The leering daemonic skulls carved into its surface began to smoulder, eyes burning with baleful light. This light grew in intensity until it burst forth from the carvings in a shower of white flame. Arcing jets of molten fire spat into the midst of the Stormcasts, searing and melting sigmarite, enveloping warriors in shrouds of flame. Celestial Vindicators went down, screaming in agony as the daemonfire devoured bones and turned their flesh to cinders.
In response, the Judicators knelt and loosed the latent celestial energy that coursed through their heaven-forged weaponry. Great, glittering arcs of lightning smashed into the tower, crumbling the cursed stone and sending chunks of shattered masonry tumbling to the ground. While those warriors wielding powerful boltstorm crossbows turned the fortress’s deadly defences to rubble, skybolt bows sent a cascade of light pouring over the perimeter wall to find its home in the tainted flesh of the Dreadhold’s defenders. Smoke rose from the battlements where the devastating barrage of lightning scorched and burned the unworthy.
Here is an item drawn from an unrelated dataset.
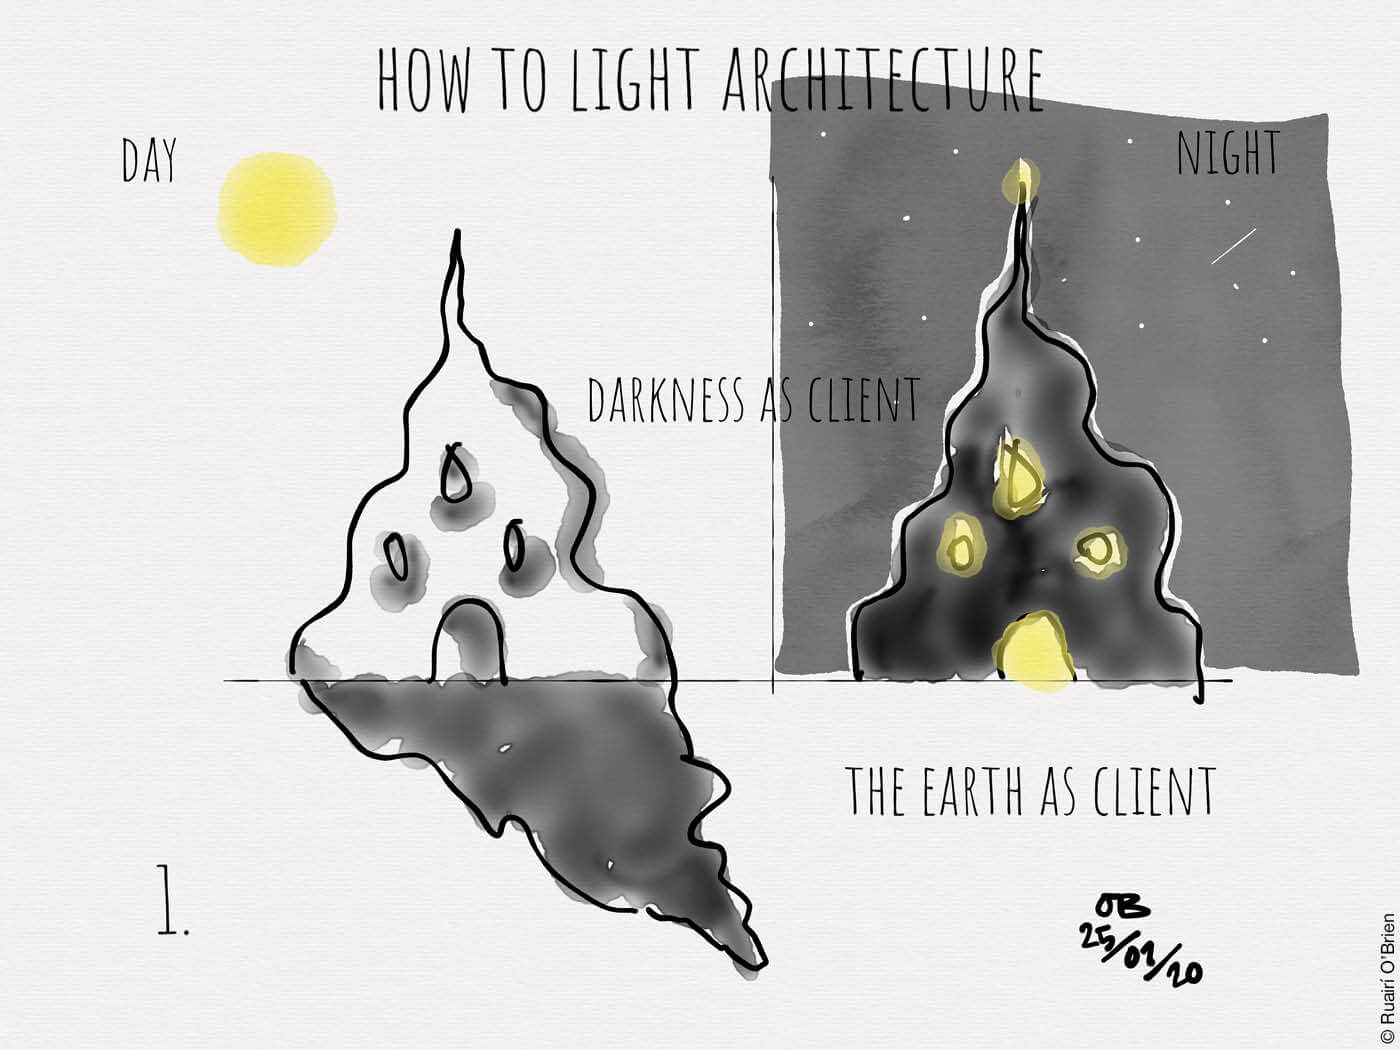 Skizze zur Lichtarchitektur bei Tag und bei Nacht

Shields raised and clattering under the incessant rain of projectiles, the Liberators pushed towards the great gate of the Dreadhold. The sky boiled above them, blood-red clouds swirling and reforming furiously, thunder bursts rolling across the battlefield, almost drowning out the calamitous sounds of battle. Then a sudden, violent crack split the air, louder even than the hammers of the great forges of Azyrheim. Tendrils of violent scarlet energy trailed across the main tower of the Dreadhold, wrapping around its surface like a cluster of vines. Mykos Argellon turned his eyes to the heavens, and felt a soft tapping sound on his mask and across his armour.
The blood rain fell. Inside the Dreadhold, the warriors of Khorne whooped and shrieked with joy at this sign of providence from their monstrous master. They turned their faces to the sky and let the iron taste roll down their tongues. They beat their chests and brandished their weapons and howled. Above them, the sky darkened and swelled, and the tendrils of fell energy crept over the edge of the tower. The sorcerer Xos’Phet stood upon the battlement, laughing in delight.
‘It begins!’ he chortled. ‘The gate swells in power. Now we must feed the link between this world and the other.’
He looked at the prisoner that the gorepriests held, a straggle-haired man with wide and frightened eyes. ‘This is your task, my friend. You are truly blessed.’
The knife was in his hand in a flash, and he cut the man’s throat with one swift motion. The prisoner’s eyes rolled back in his head, and the gorepriests hurled him into the oval pit at the centre of the tower. Blood spilled, and seeped through the grilles cut into the floor.
‘Fetch me another!’ said Xos’Phet, grinning widely.
Despite the rain of projectiles and the blood that now churned the earth and bogged them down, the Celestial Vindicators pushed to the main gate, a monstrous slab of iron covered with foul symbols and wrapped in dust-dry human skin.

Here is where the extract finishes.